ABOUT THIS TASK: Copy all the lines of the listing below exactly. Skip the images.

===== PROVIDED DATA

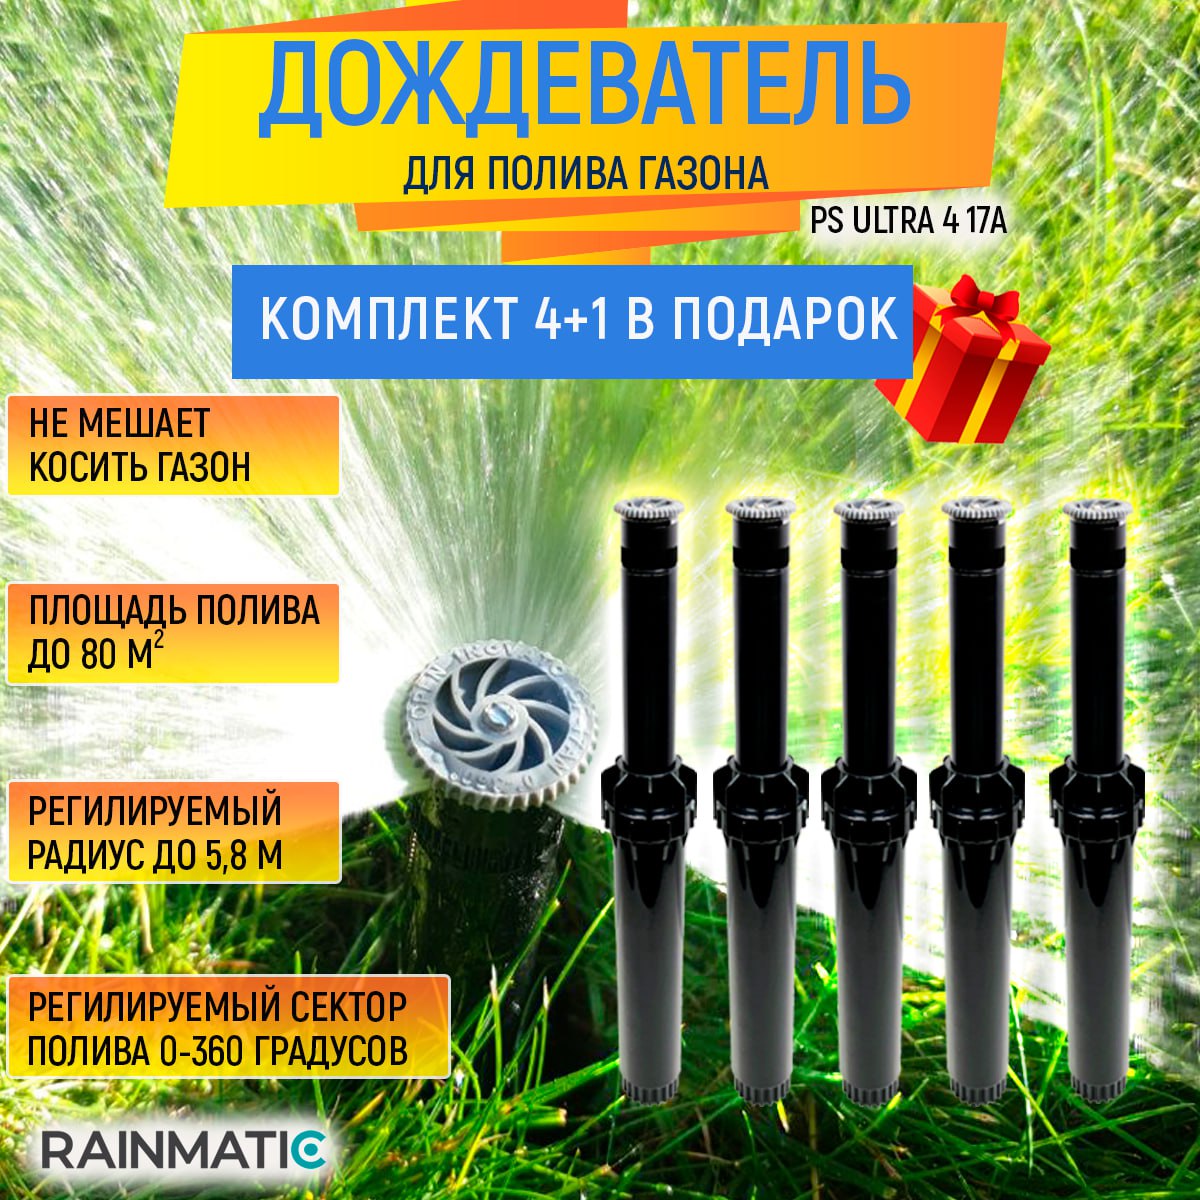 Дождеватель RAINMATIC PS ULTRA 4 17A, комплект 5шт - купить в Москве, цены на Мегамаркет | 600009390851
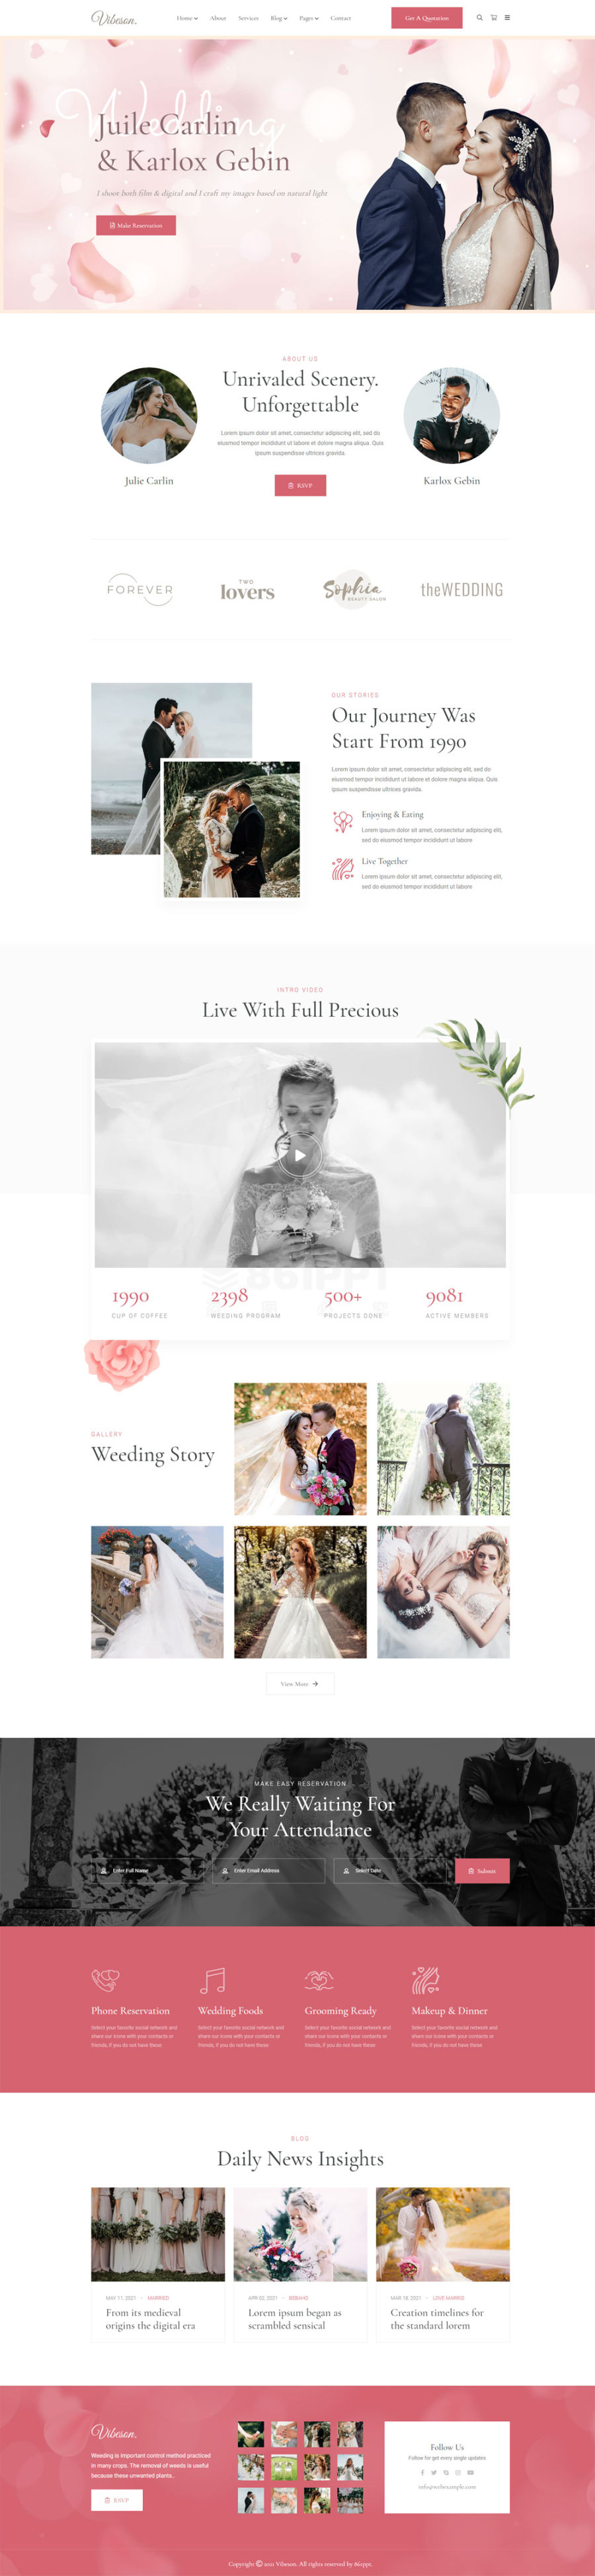 精美好看的婚纱摄影婚礼主题博客网页模板html
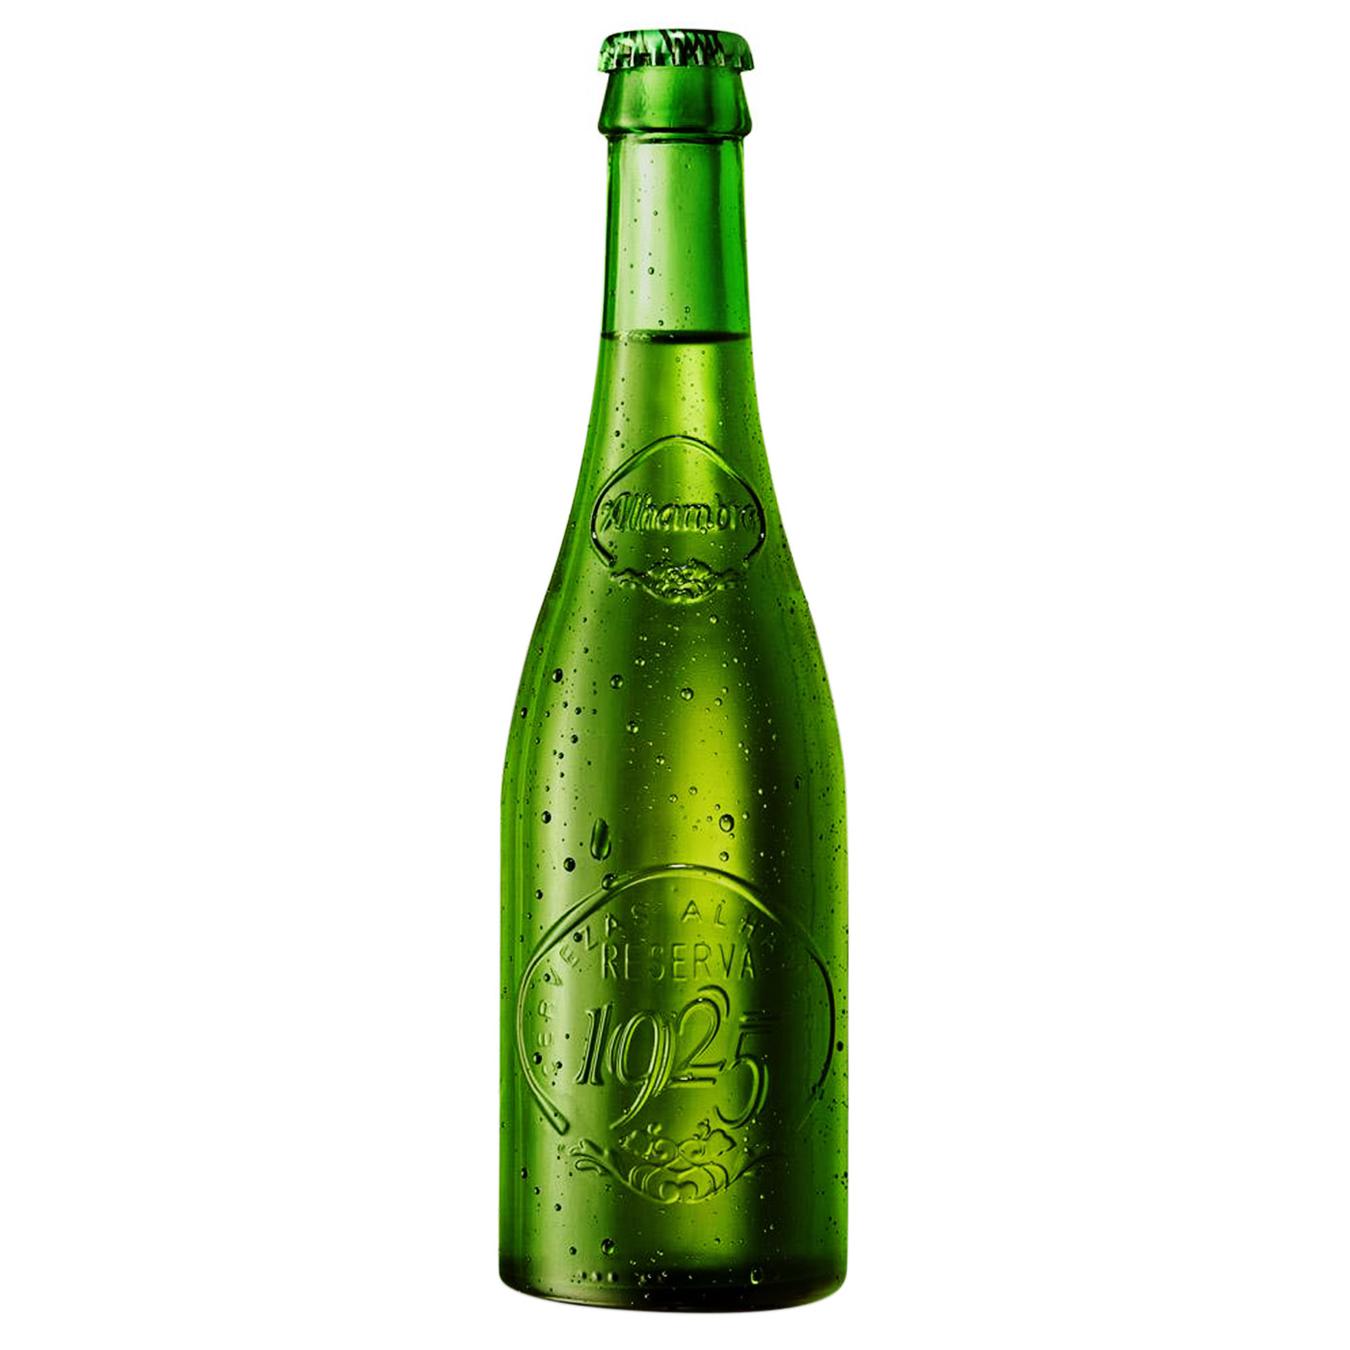 Light beer Alhambra Reserva 1925 6.4% 0.33l glass

==========

ANSWER TO THIS TASK:
 Дождеватель RAINMATIC PS ULTRA 4 17A, комплект 5шт - купить в Москве, цены на Мегамаркет | 600009390851
 精美好看的婚纱摄影婚礼主题博客网页模板html
 Light beer Alhambra Reserva 1925 6.4% 0.33l glass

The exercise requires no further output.